Homework 12: Continuity

Instructions. Assignments should be stapled and written clearly and legibly.

1. Section 5.2, #4.
2. Let \(f:D\to \mathbb{R}\). Use the definition of continuity to prove that if \(c\) is an isolated point of \(D\), then \(f\) is continuous at \(c\).
3. Suppose \(f:\mathbb{R}\to \mathbb{R}\) is a function which satisfies \(|f(x)|\leq |x|\) for all \(x\in \mathbb{R}\). Using the definition of continuity, prove that \(f\) is continuous at \(0\).

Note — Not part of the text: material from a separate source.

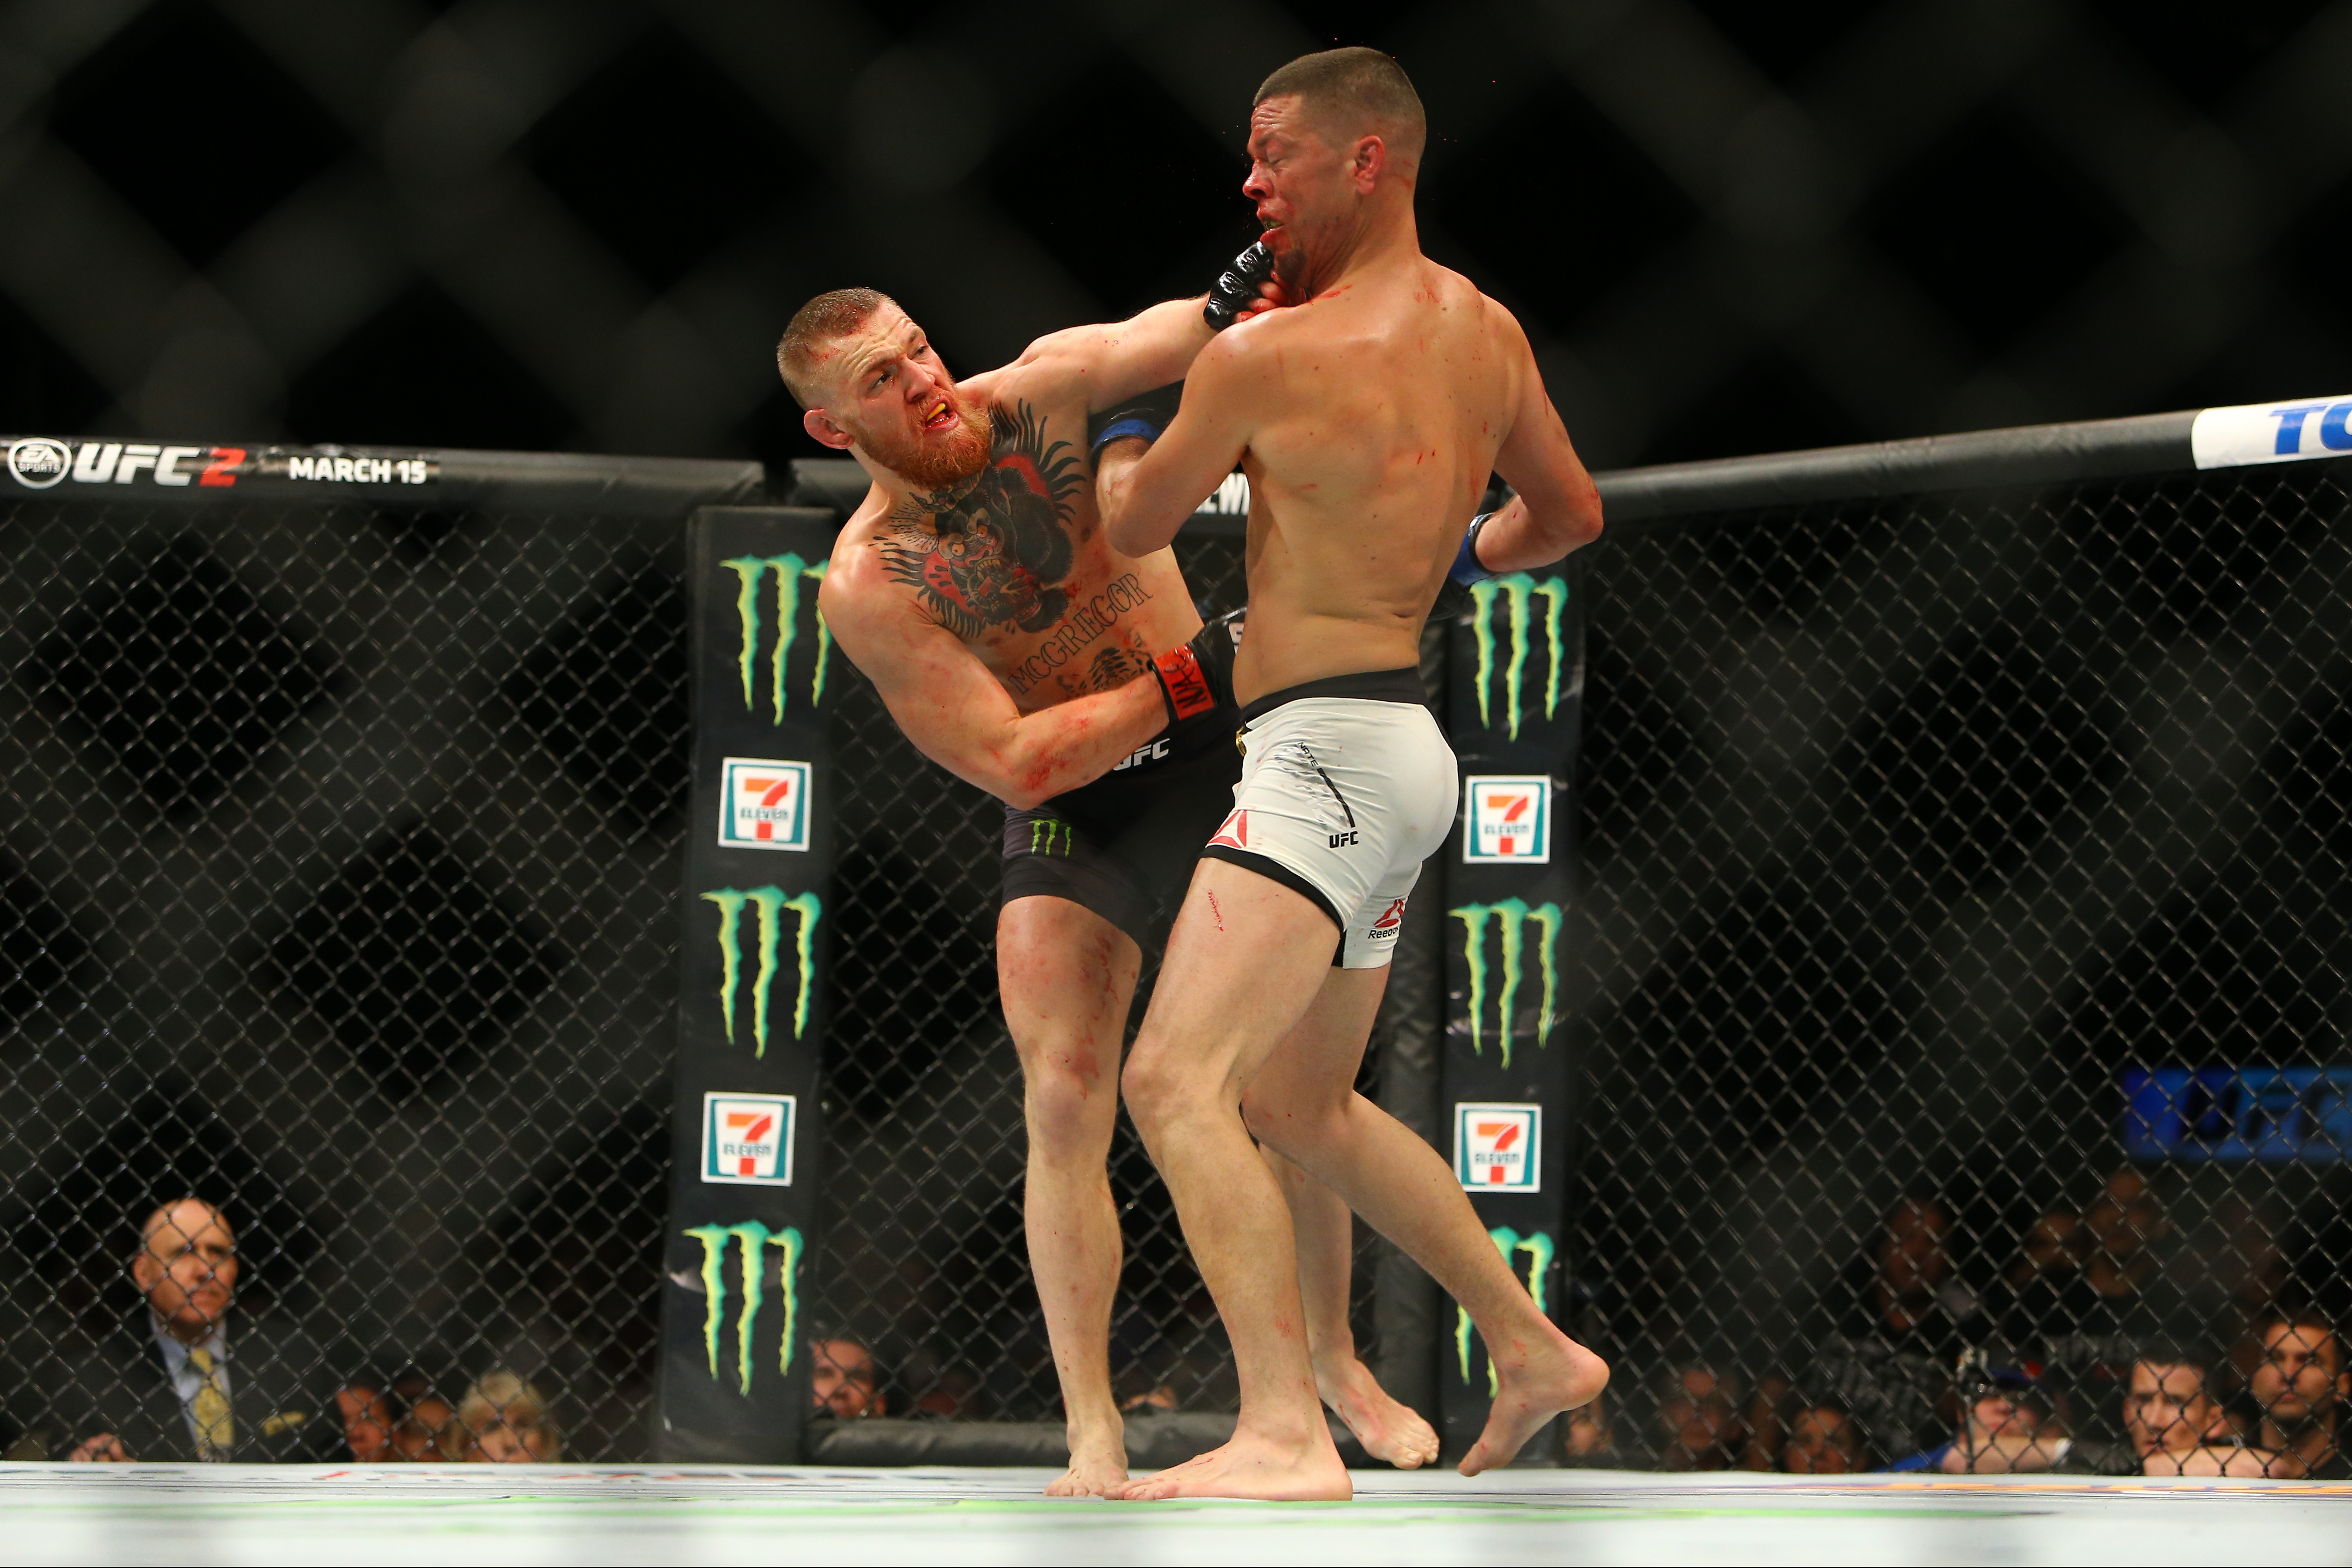 Conor McGregor punches Nate Diaz during UFC 196 at the MGM Grand Garden Arena on March 5, 2016 in Las Vegas, Nevada. (Getty)

4. Suppose that \(f,g,h\) are three functions which are defined on \((a,b)\) and continuous at \(c\in (a,b)\).
   1. Use the definition of continuity to prove that if \(f(c)\neq 0\), then there exists a neighborhood \(U\) of \(c\) such that \(f(x)\neq 0\) for every \(x\in U\).
   2. Prove that if \(g(c)\neq h(c)\), then there exists a neighborhood \(U\) of \(c\) such that \(g(x)\neq h(x)\) for every \(x\in U\). (Hint: consider the function \(p(x)=g(x)-h(x)\), and apply part (a)).
5. Let \(D\) be a subset of \(\mathbb{R}\) containing \(0\), and let \(f:D\to \mathbb{R}\) be bounded on \(D\) (i.e., \(f(D)\) is a bounded subset of \(\mathbb{R}\)). Define a new function \(g:D\to \mathbb{R}\) by \(g(x)=xf(x)\).
   1. Use the definition of continuity to prove that \(g\) is continuous at \(x=0\).
   2. Suppose \(c\neq 0\). Prove that \(g\) is continuous at \(c\) if and only if \(f\) is continuous at \(c\). (Hint: Use a theorem on continuity.)